Best practices for U.S. higher education institutions on working with education agents a focus at NAFSA

To best position themselves for changes in international student recruitment and enrollment, U.S. institutions need to become first-movers and adopt regulatory-ready processes for working with education agents.

Innovating agent processes will actually become a competitive differentiator, industry leaders who discussed the topic recently at the AIRC Spring Symposium and 2025 NAFSA Annual Conference & Expo events agreed. Demand for international education is strong, but competition will increase as students continue to look beyond the traditional big markets. Education agents are an important part of helping them make their choice.

What can U.S. institutions do now to both prepare for changes and soothe an environment in flux?

  • Adopt lessons from countries more mature in agent use – such as Australia, Canada and the United Kingdom – and look to their regulations and standards.
  • Look to organizations like ICEF, IDP and AIRC for guidance in applying standards and developing relationships with trusted agents.
  • Digitize and automate more transactions between agents and the institution.

“We have a vested interest in self-regulation, and in coming together and joining forces, I think, across the ecosystem,” said Tony Lee, Chief Visionary Officer at ICEF, adding that there’s a lot that institutions and agents globally can learn from one another.

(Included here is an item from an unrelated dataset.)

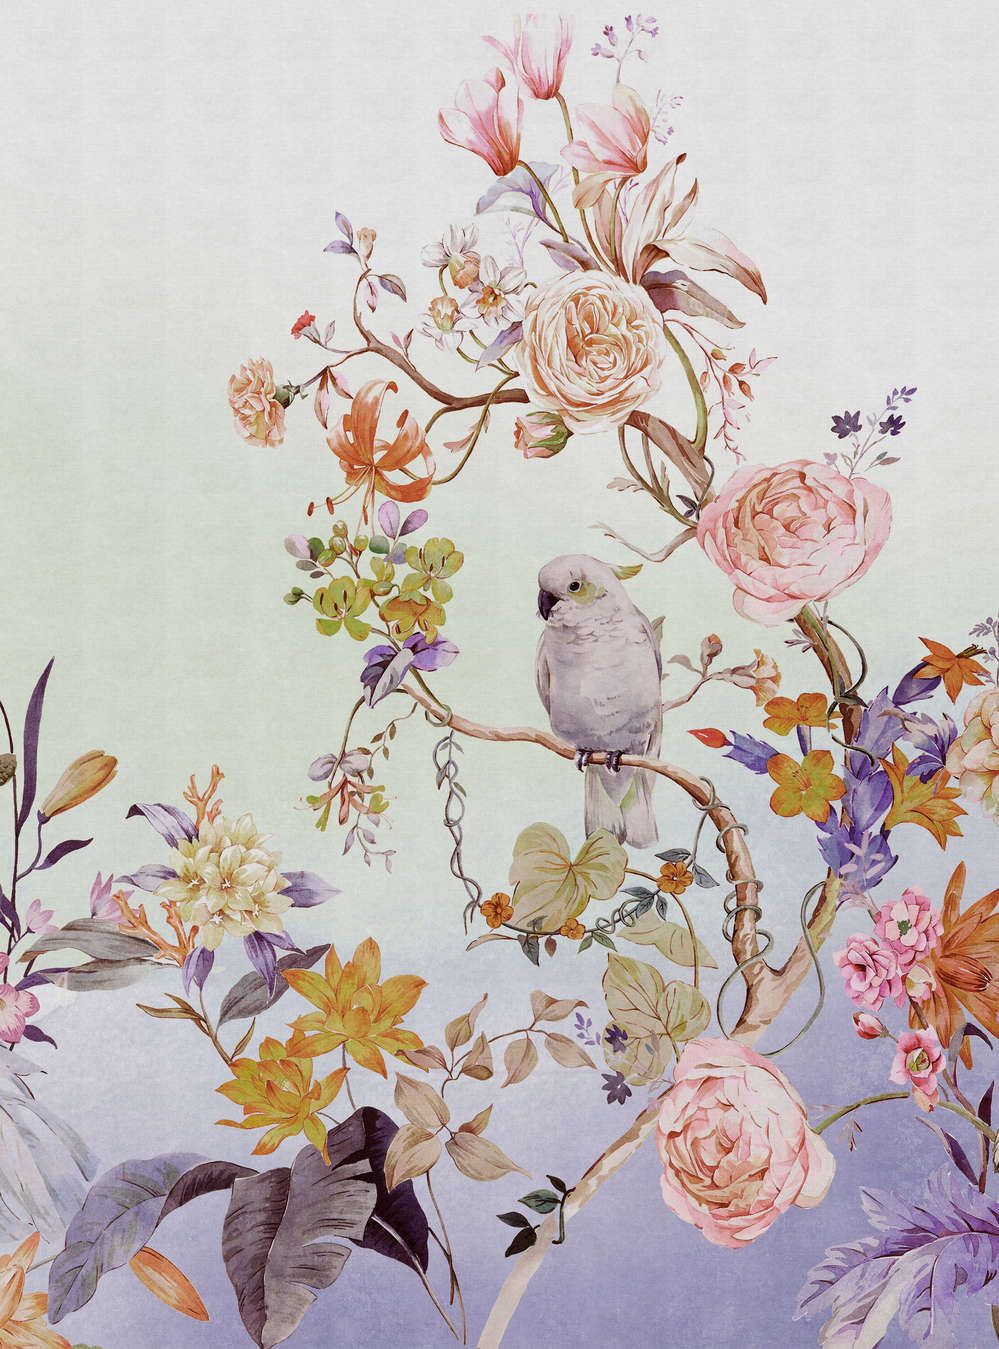             Fototapete »paradise« - Vogel & Blumen mit Farbverlauf und Leinenstruktur im Hintergrund – Bunt | Glattes, leicht glänzendes Premiumvlies

Clear standards ensure agents can function at their best, students are placed where they are most likely to have success, persistence levels increase and retention rates rise. Here are three things U.S. institutions should know that can help ensure that the ecosystem thrives.

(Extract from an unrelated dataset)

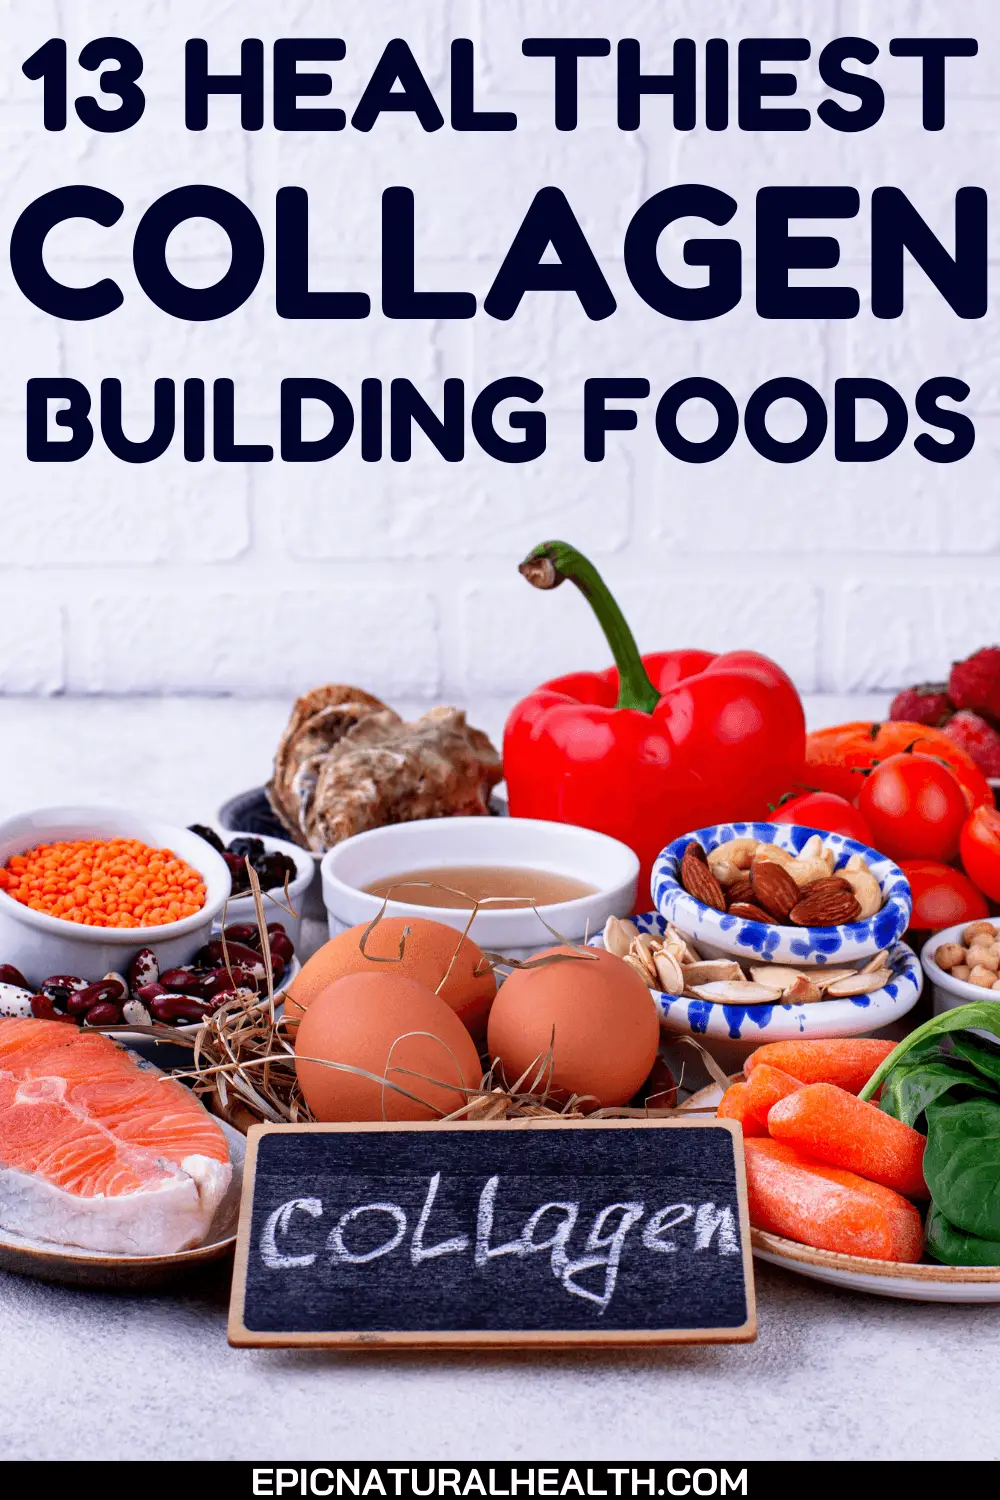 13 healthiest collagen building foods

1. A lot of the groundwork has already been laid for solid agent relationships and processes.

While the use of agents in the U.S. is not as mature as Australia, the United Kingdom or Canada, evolving regulations and dedicated standards have put substance around many of the things that previously turned institutions off from these relationships in the past.

There are clear rules, for instance, around the legality of commission structures, as well as organizations such as Washington, D.C.-based AIRC, a non-profit advocacy and standards body, that has developed extensive, comprehensive processes for institutions to work with vetted recruitment agencies. Their multi-step agent certification process includes undergoing background checks, site visits and regular accountability audits to achieve and maintain certification.

Standards and clear processes work to keep the interest of the student top of mind – and guard against practices such as students applying to a higher cost school and transferring to a lower cost one upon getting a visa.

“The ultimate thing we're doing in any kind of quality scheme is to protect the interests of the students and the enrolling institution,” said AIRC’s Jennifer Wright, who is the Director of Operations and Certification. “We want to make sure that the process of assisting a student to fulfill their dreams is done in such a way that's ethical.”

2. The U.K.’s AFQ offers clues to how regulations may unfold globally and in the U.S.

It is likely that some version of the Agent Quality Framework (AFQ)– a set of standards for ensuring high-quality agent and institution relationships – currently being rolled out in the U.K. will eventually come to the U.S. Institutions can look to those recommendations to ensure the best possible agent, institution and student experiences. It includes recommendations, for instance, to enhance and ease agent training, ensure systems are in place to track and pay commissions, and automate outreach to agents on overdue tuition payments and more.

“Read that document, and look at how you can embed that within your own institutions,” said Tom Wilmot, Director, who has spent more than a decade in the agent space and is now part of the Global Expansion team at Flywire.

The level of regulation in Australia, where quality assurance processes are legally required to enroll international students, may be more difficult to achieve in a market like the U.S., where there are far more institutions. But still, institutions can take lessons from Australia, such as institutional data sharing practices to help ensure high-quality information on education agents, according to Tim O’Brien, Senior Vice President at INTO, a global education services organization.

3. Agents are already assisting students in the U.S, so getting systems in place now to better manage them is critical.

Institutions may claim that compliance is being upheld and agents don’t submit applications themselves using student log-ins, but they often do.

“We can either be naive and think they're not, or we can accept that's happening and make sure that institutions have systems in place to capture that data on the front end,” Wilmot said. “That opens up so many other things, with real-time data showing how many applications have come in. This helps commission forecasting, because we know which agents are attached to what.”

To that end, “The biggest single thing you can do is make sure the data you have coming in is as good as it can be,” Wilmot said.

In fact, agents rank access to systems that make it easier for them to do their job as more important than even their commission rates, Wilmot continued, because reliable processes help them strengthen relationships with students, build their reputations and grow their business.

“In 2025 we shouldn’t be managing agents on spreadsheets. We have to be looking at that now, particularly at a time when regulation is coming. Let’s get ahead of it with automation,” Wilmot said.